*** Begin section ***

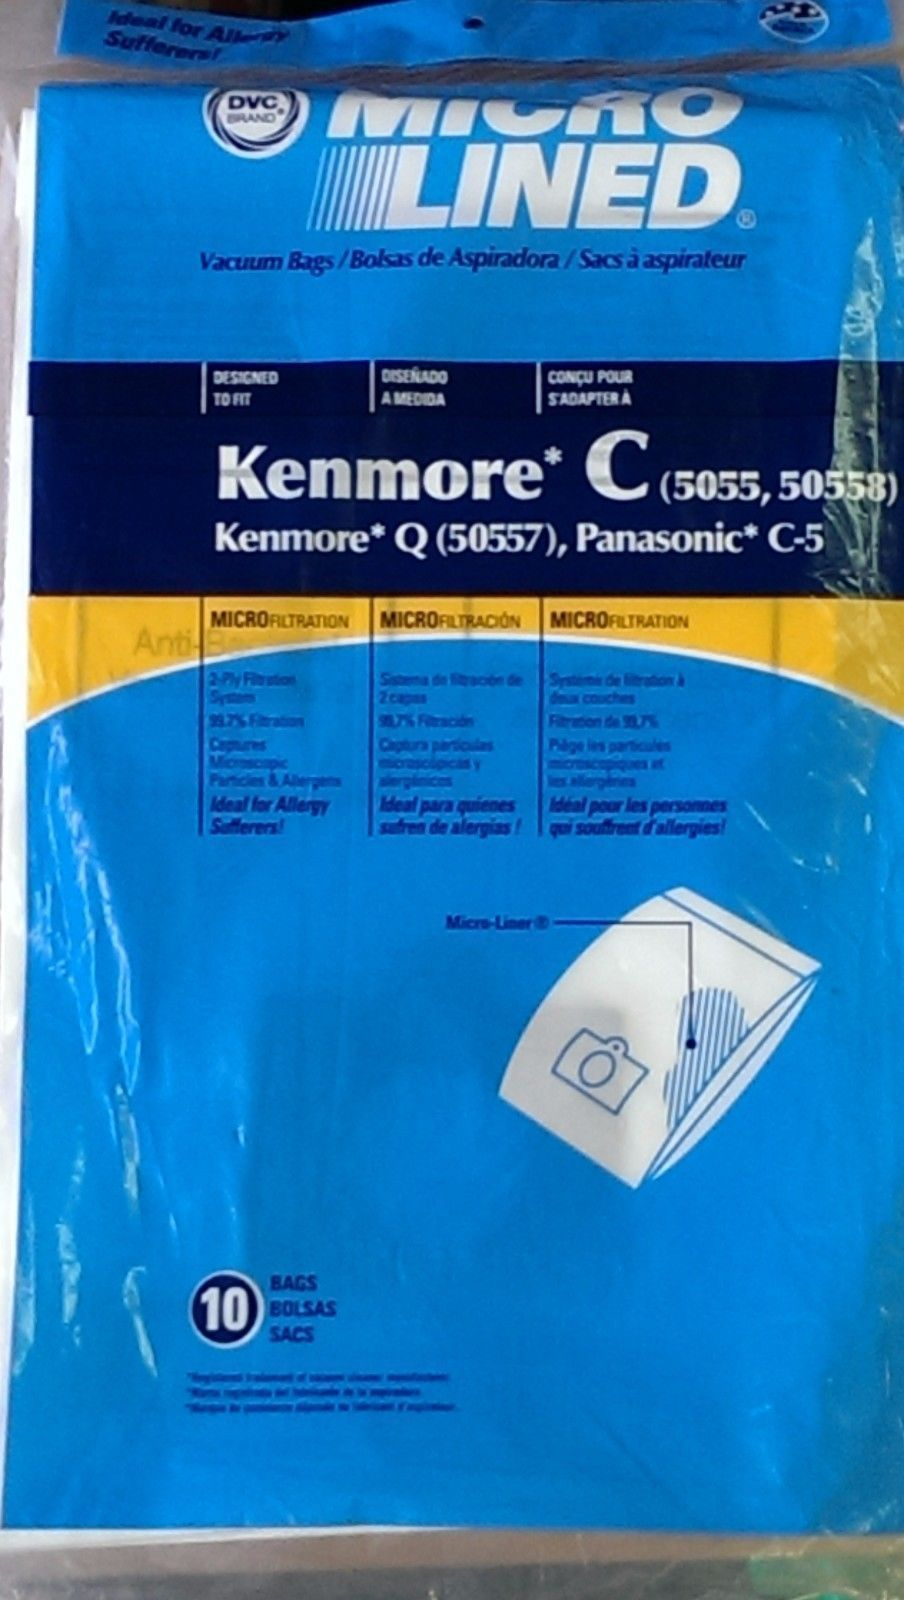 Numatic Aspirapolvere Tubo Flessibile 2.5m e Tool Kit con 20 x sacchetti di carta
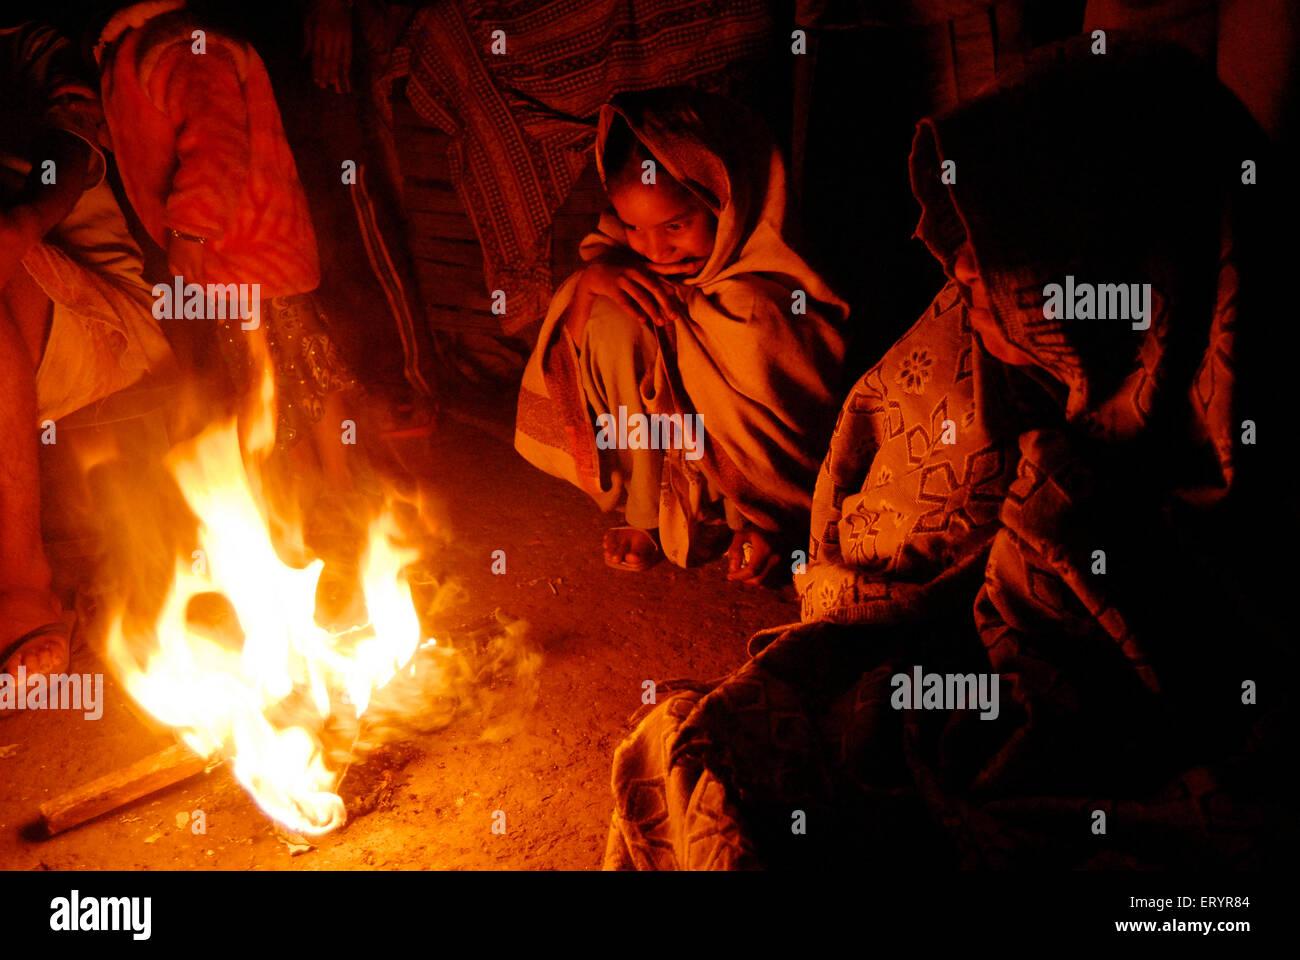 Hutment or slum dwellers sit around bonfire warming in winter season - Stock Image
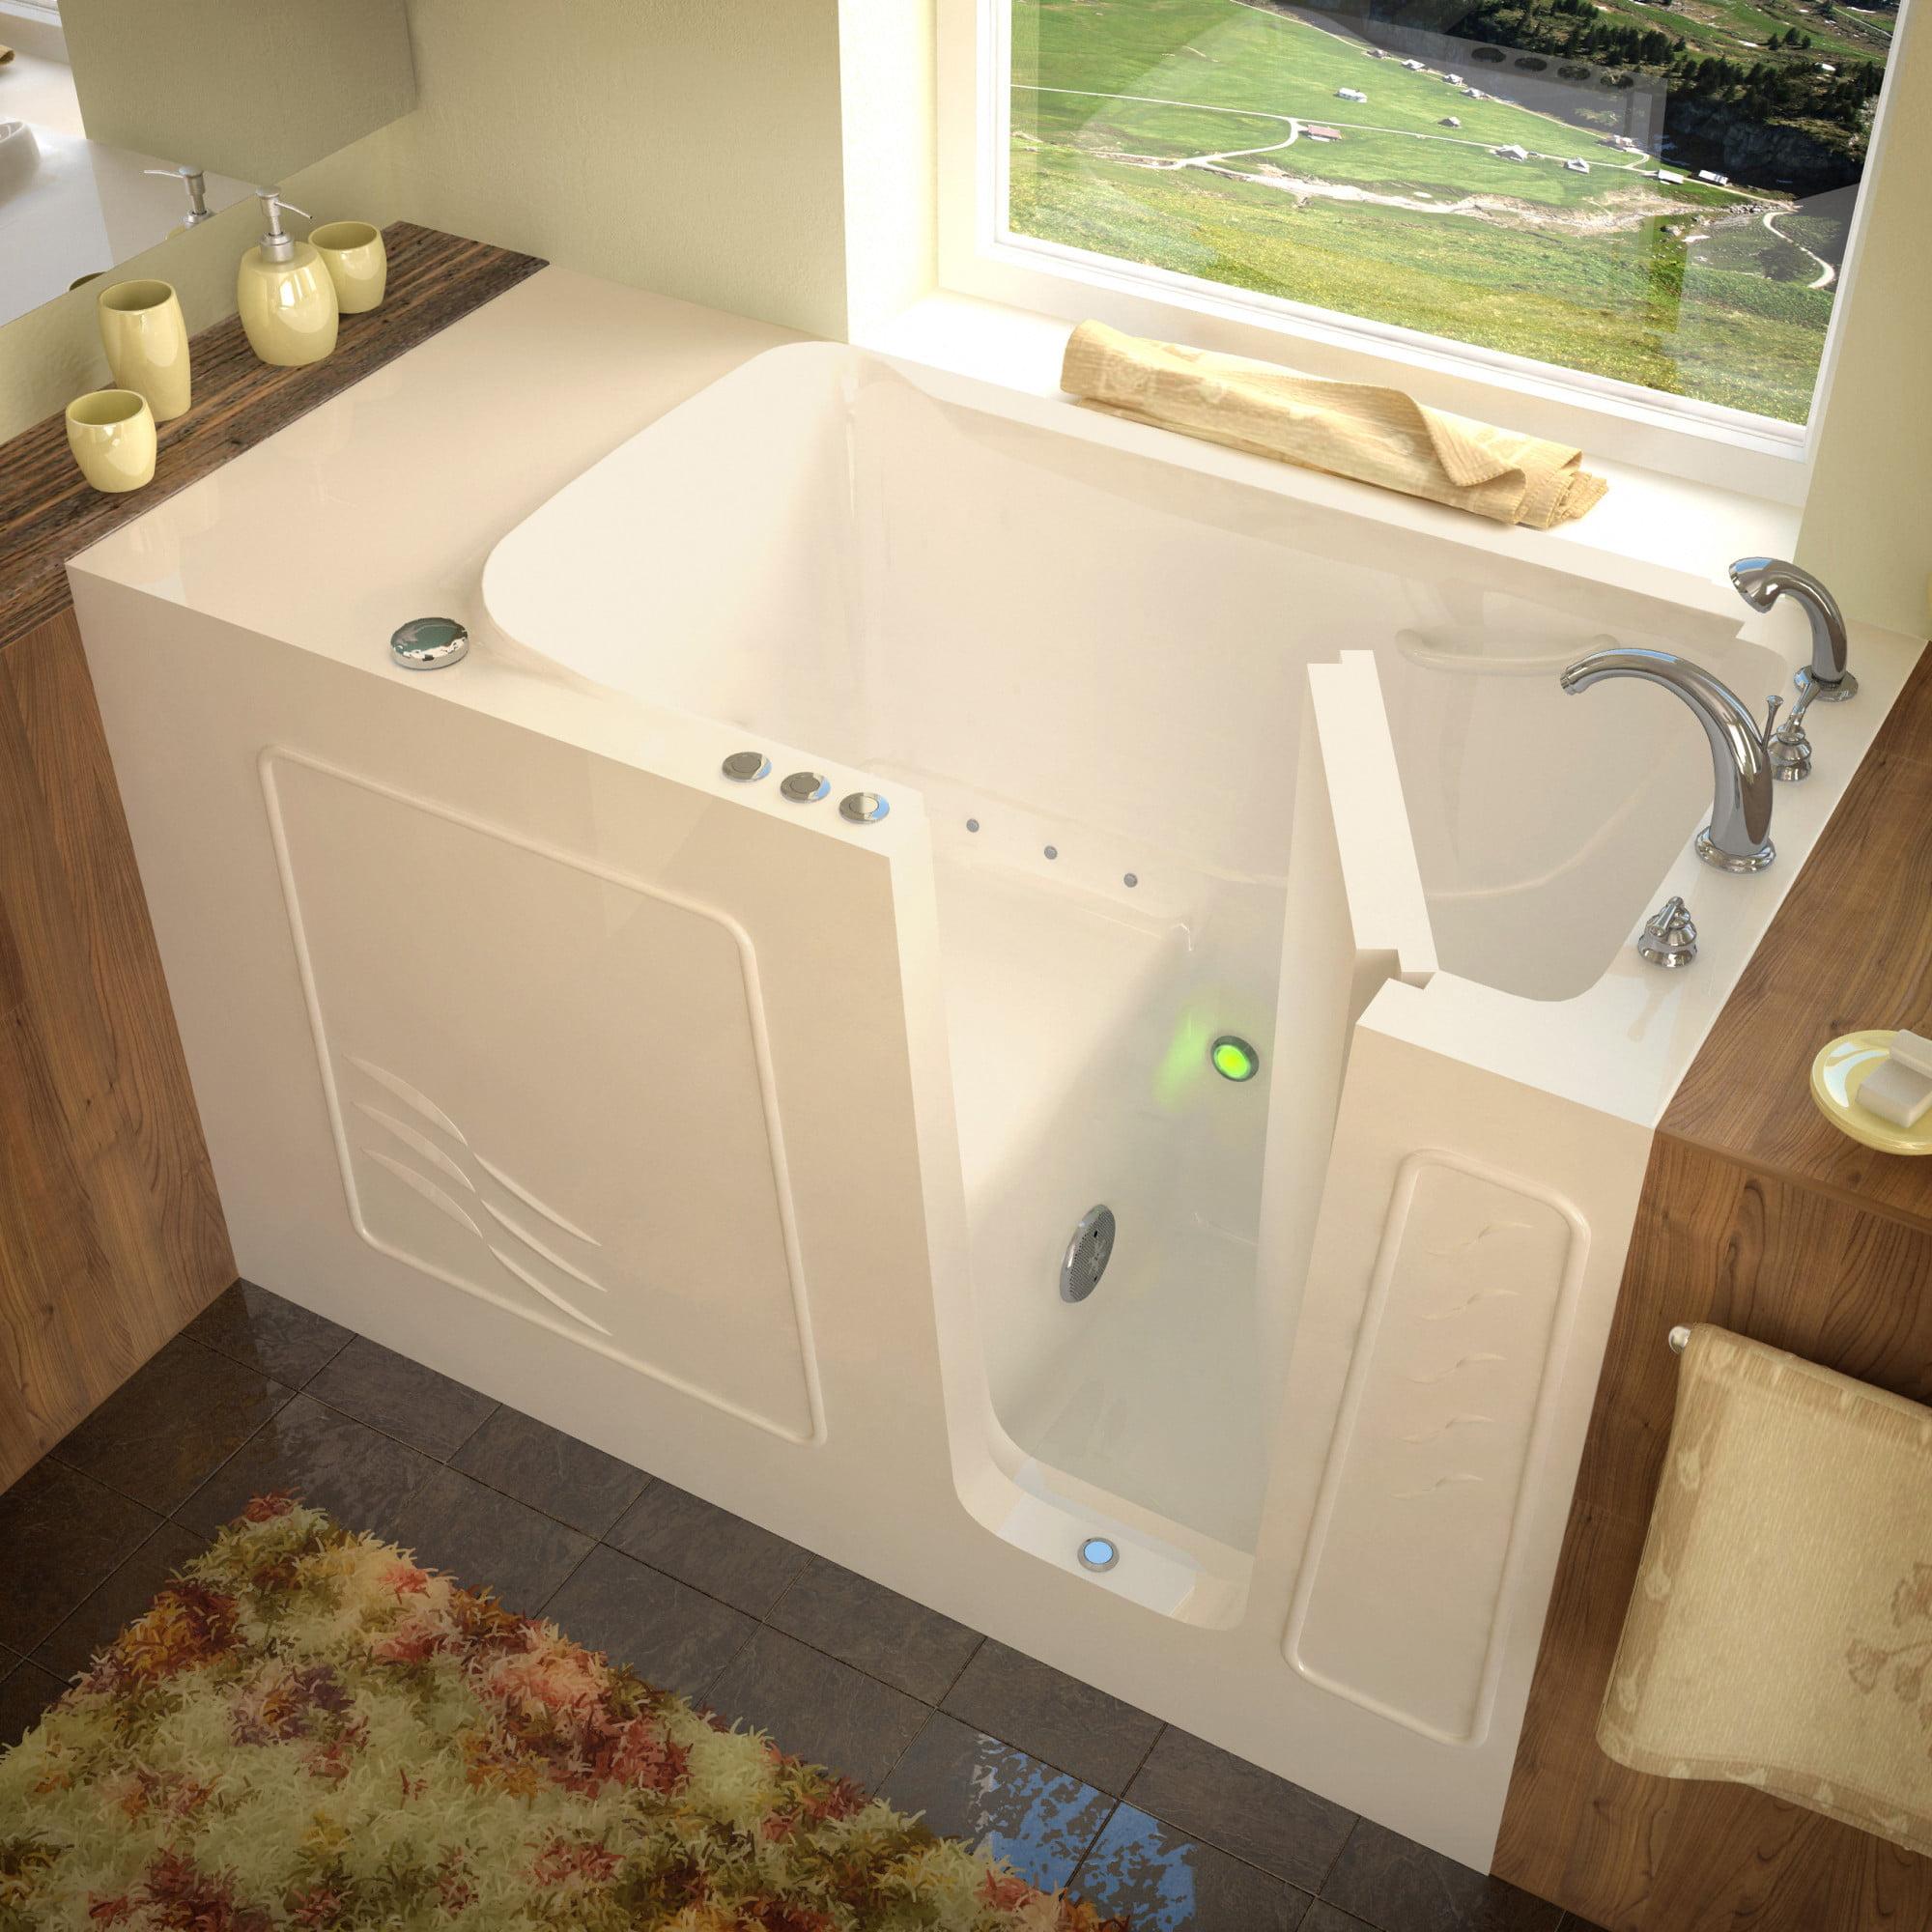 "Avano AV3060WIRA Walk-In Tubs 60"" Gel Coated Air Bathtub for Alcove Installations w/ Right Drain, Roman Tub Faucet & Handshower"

*** End section ***

▶ [Problem requirements]:
Leave the pictures out and output all of the data verbatim.

▶ [Exercise solution]:
 Numatic Aspirapolvere Tubo Flessibile 2.5m e Tool Kit con 20 x sacchetti di carta
 Hutment or slum dwellers sit around bonfire warming in winter season - Stock Image
 "Avano AV3060WIRA Walk-In Tubs 60"" Gel Coated Air Bathtub for Alcove Installations w/ Right Drain, Roman Tub Faucet & Handshower"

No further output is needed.